Scaling Bayesian networks
Most Bayesian networks of real interest are much larger than the student network. Once we get to variables that have a high number of parents, the conditional probability table – which is spanned by the cartesian product of the state spaces of the variable and all its parents – quickly become prohibitively large. A binary variable with four parents that are also binary already has a conditional probability table with $2^5$ entries. Asking an expert to provide $2^5$ likelihoods for one variable is already slow, and once we start asking for $2^{16}$ we might as well go home! Luckily, there are often structure in these distributions that we can exploit. A common example is a binary variable with several parents, where one of its parents is sufficient to cause itself. In this case we can use a noisy-or approximation, where we only give the probabilities for each parent that they cause the variable and then use as conditional probability the probability that none of the parents is causing the variable.
Continuous variables
In the example above, all variables had discrete states. What if a variable naturally is continuous, such as time or distance? There is nothing in the formulation of our Bayesian network that prohibits the use of general functions to describe our priors and CPDs. However, there are practical implications which complicates their use. First of all, we need some way to parametrize our variables. If they all belong to the same parametric family this is not an issue, but in practice it is often difficult to find a parametric family that fits all of our variables, especially since they need to remain within this family under the multiplication and marginalization operations used during inference.

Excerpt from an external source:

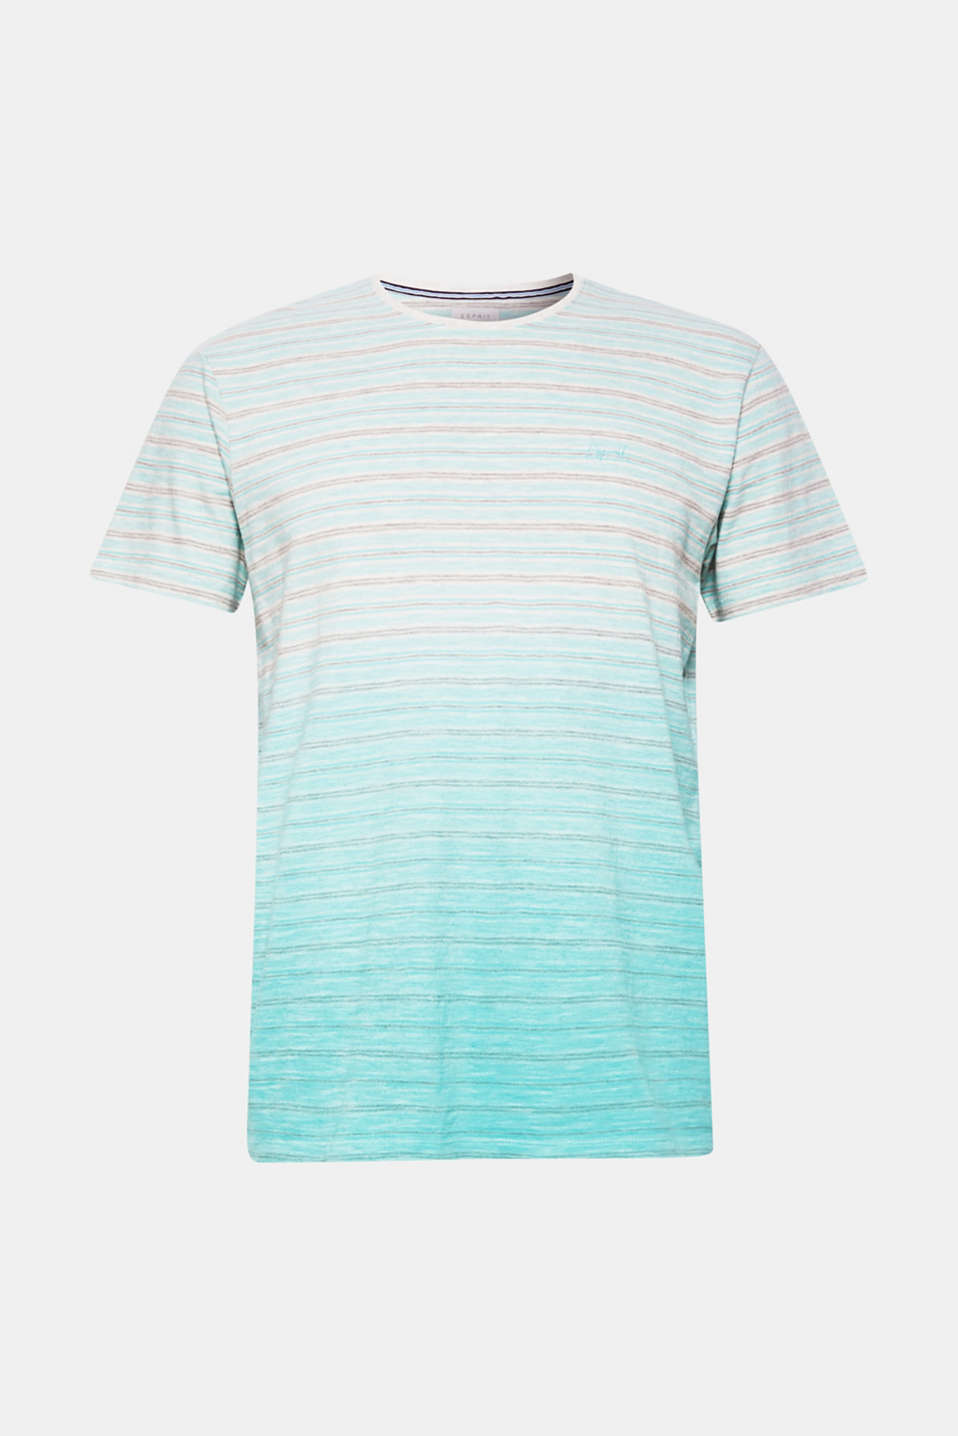 T-Shirts, LIGHT AQUA GREEN, detail image number 5

Secondly, we exchange the summation to integration during marginalization, which often has no closed form. One alternative that we use in practice is to simply discretize the continuous variables. This approach is dependent on the function being smooth enough that a discretization is a good approximation.
Learning
The title mentions machine learning, but so far all we have is a – albeit sophisticated – statistical model. Although we can use this model as is, another point of view is that what we have is a prior over our final model, to be completed by data. It is possible both to learn the priors and conditional probabilities given the network structure, and to learn the structure itself. Typically, we would assume that the expert is quite good at knowing the structure of the network, and perhaps not as good at providing parameters (probabilities) for the priors and CPDs. If the expert, rather than giving point estimates for the priors and conditional probabilities, give distributions over these parameters $\theta$ we can use a Bayesian treatment of the parameters too:
$P(\theta | D) = \frac{P(D | \theta) \times P(\theta)}{P(D)}$
In this way we will preferentially update (in order to increase the likelihood of the observed data) the parameters which the expert considered uncertain. Because of the constraints that our initial structure and parameter estimates provide, the model can use data very efficiently for learning.
We can also learn about the structure of the network. Similarly to how boosted trees are grown, we attach a cost function to the structure of the network which encourages a small sparsely connected network. We can then add nodes or edges that provide an increase in the likelihood of the data that offsets the increase in the cost function, and similarly prune existing nodes and edges that do not.
Conclusion
Bayesian belief networks is a class of highly data efficient and interpretable models for domains with causal relationships between variables. The tradeoff is a dependency on good prior knowledge and often problem-specific adaptions and simplifications. For the problems where their strengths shine however, belief networks are well worth their trouble.